GOP gun rights battle stymies wilderness protection in House
WASHINGTON - The House yesterday defeated a bill to set aside more than 2 million acres in nine states as protected wilderness - the victim of a renewed Republican push to allow concealed, loaded weapons in national parks.
A majority of House members supported the wilderness bill, but the measure was defeated because it did not receive the needed two-thirds vote. The vote was 282 to 144 in favor - two votes short of approval.

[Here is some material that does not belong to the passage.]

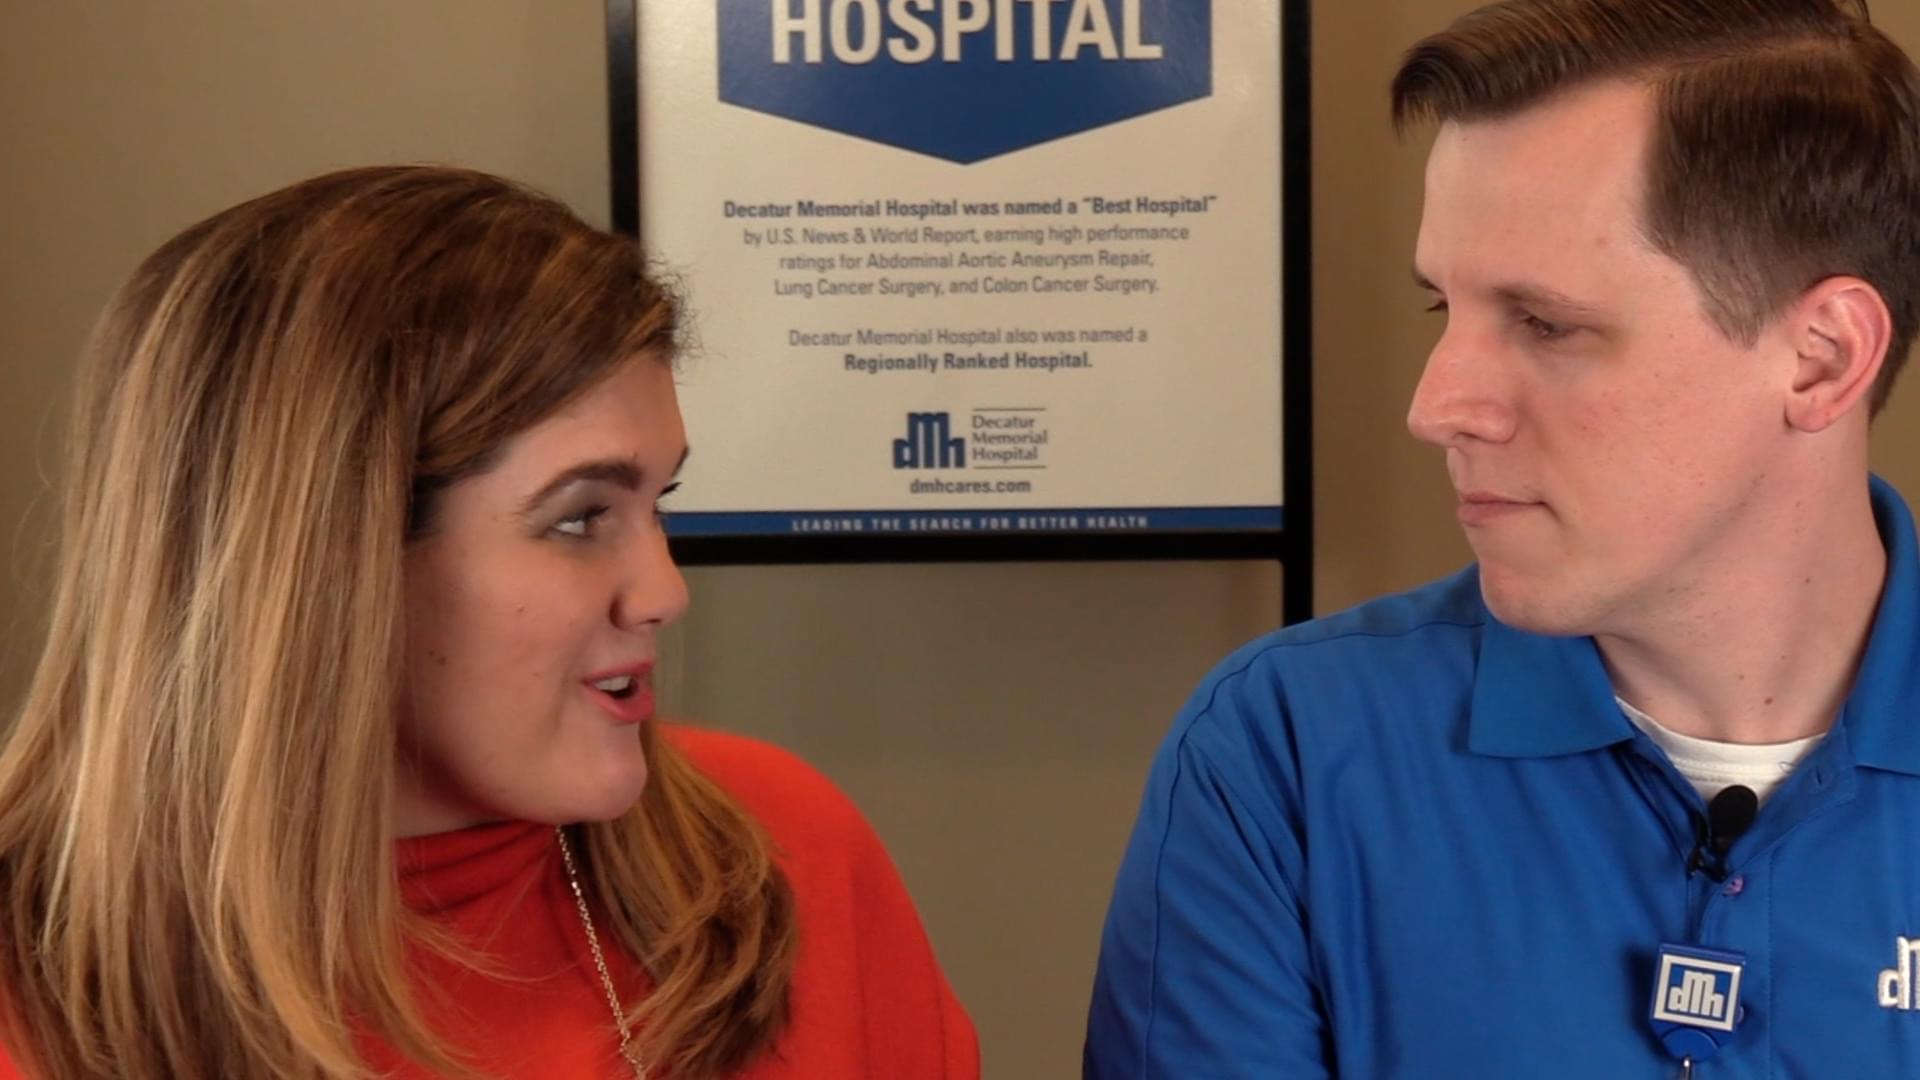 DMH News Link - Diabetes Part 2

Supporters said the bill was brought up under a special rule - which severely restricts amendments - because majority Democrats were afraid that Republicans would introduce an amendment allowing guns in parks. With dozens of Democrats supporting gun rights, such a measure stood a good chance of passage, advocates and staff aides in both parties said.
A similar maneuver by Republicans - to repeal most of the District of Columbia's gun-control laws - has jeopardized legislation giving the district a vote in the House of Representatives. The measure remains stalled as House leaders ponder their next move.

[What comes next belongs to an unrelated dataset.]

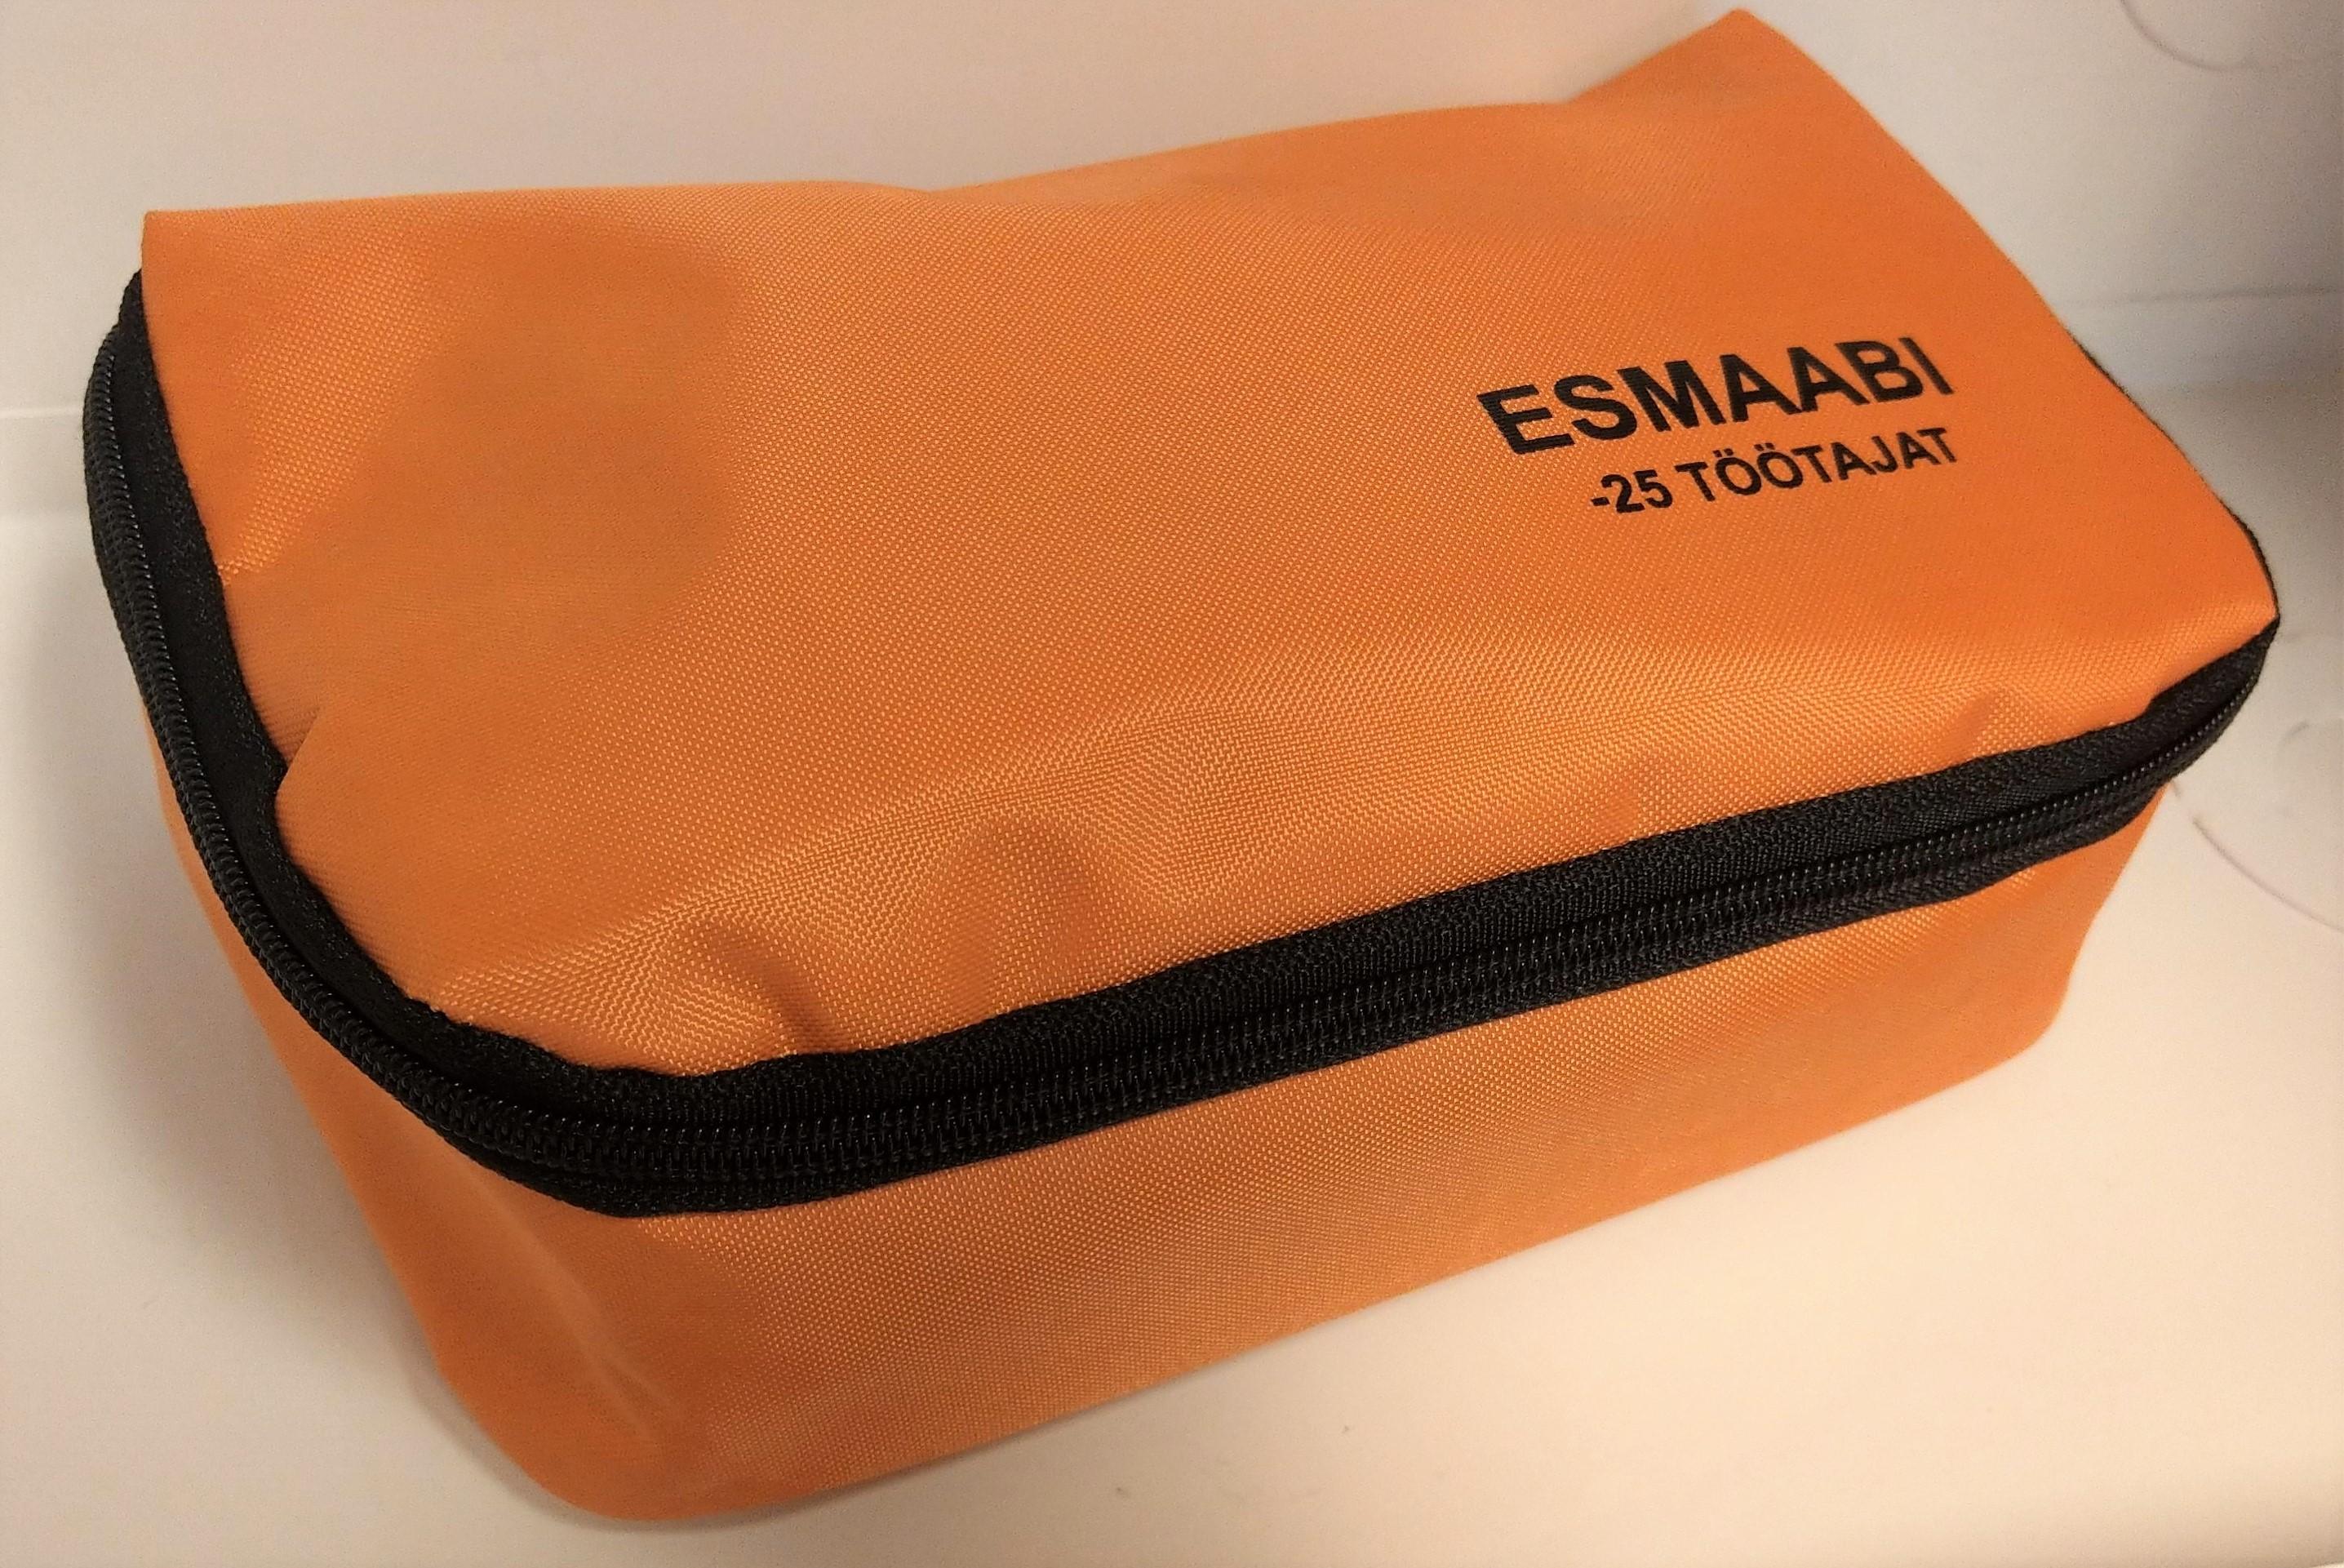 18d199c3417 Esmaabi komplekt ettevõttele kuni 25 in. ESTMED - Tuleohutus24.ee ...

Advocates said the wilderness bill also may languish.
Democratic leaders "are afraid of any motion on guns, frankly, " said Mike Matz, executive director of the Campaign for America's Wilderness, an advocacy group that has pushed for the wilderness bill for more than a year.
The gun issue has emboldened Republicans, Matz and others said. "They want to obstruct anything and everything, apparently," Matz said of GOP leaders in the House. "They don't care that some of their members want to get something done" on wilderness.

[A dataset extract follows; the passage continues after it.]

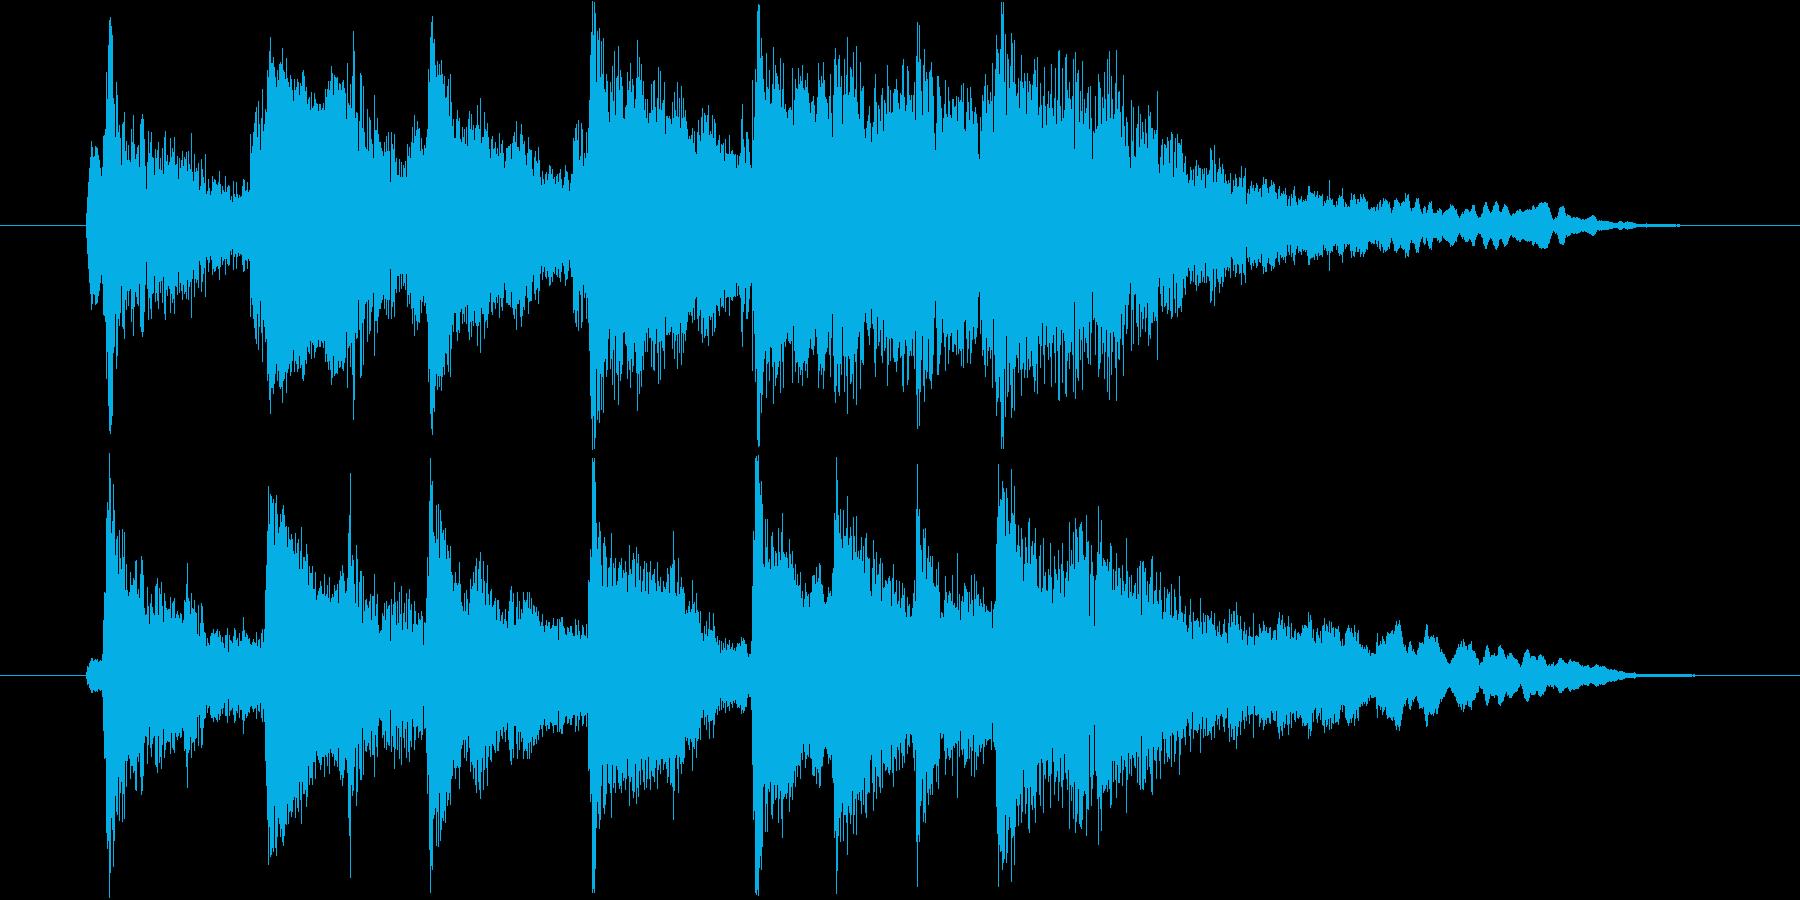 琴・尺八・和太鼓・笛の上品な和風ロゴの再生済みの波形

House minority leader John Boehner, Republican of Ohio, said the defeated bill would have cost as much as $10 billion and blocked oil and gas development on millions of acres of federal property. "This bill would have locked-up critical resources that are essential for" increased energy production and lower gas prices, Boehner said.
The dispute over guns in parks reaches back to the Bush administration, which issued a last-minute order allowing loaded guns in national parks and wildlife refuges shortly before leaving office. The rule, which took effect Jan. 9, overturns 25-year policy that allowed guns in parks only if they were unloaded, or dismantled and stored.
The Obama administration is reviewing the rule, but many lawmakers from both parties support a measure making the Bush rule law.
Majority Democrats were sufficiently worried about the gun issue that they agreed to amend the wilderness bill to clarify that it would not impose new restrictions on hunting, fishing, or trapping on federal land. The amendment, sponsored by Representative Jason Altmire, Democrat of Pennsylvania, was a victory for the National Rifle Association, which also sought the rule change on guns in parks.
But even with the Altmire amendment, the wilderness measure fell two votes short. The NRA did not take a position on the overall bill, said Andrew Arulanandam, a group spokesman.
Democratic leaders vowed to bring the wilderness bill back, but did not say in what form.
The Senate has already approved the wilderness bill, one of the largest expansions of wilderness protection in 25 years. The 1,200-page bill would confer the government's highest level of protection on land, for example, ranging from California's Sierra Nevada mountain range to Oregon's Mount Hood.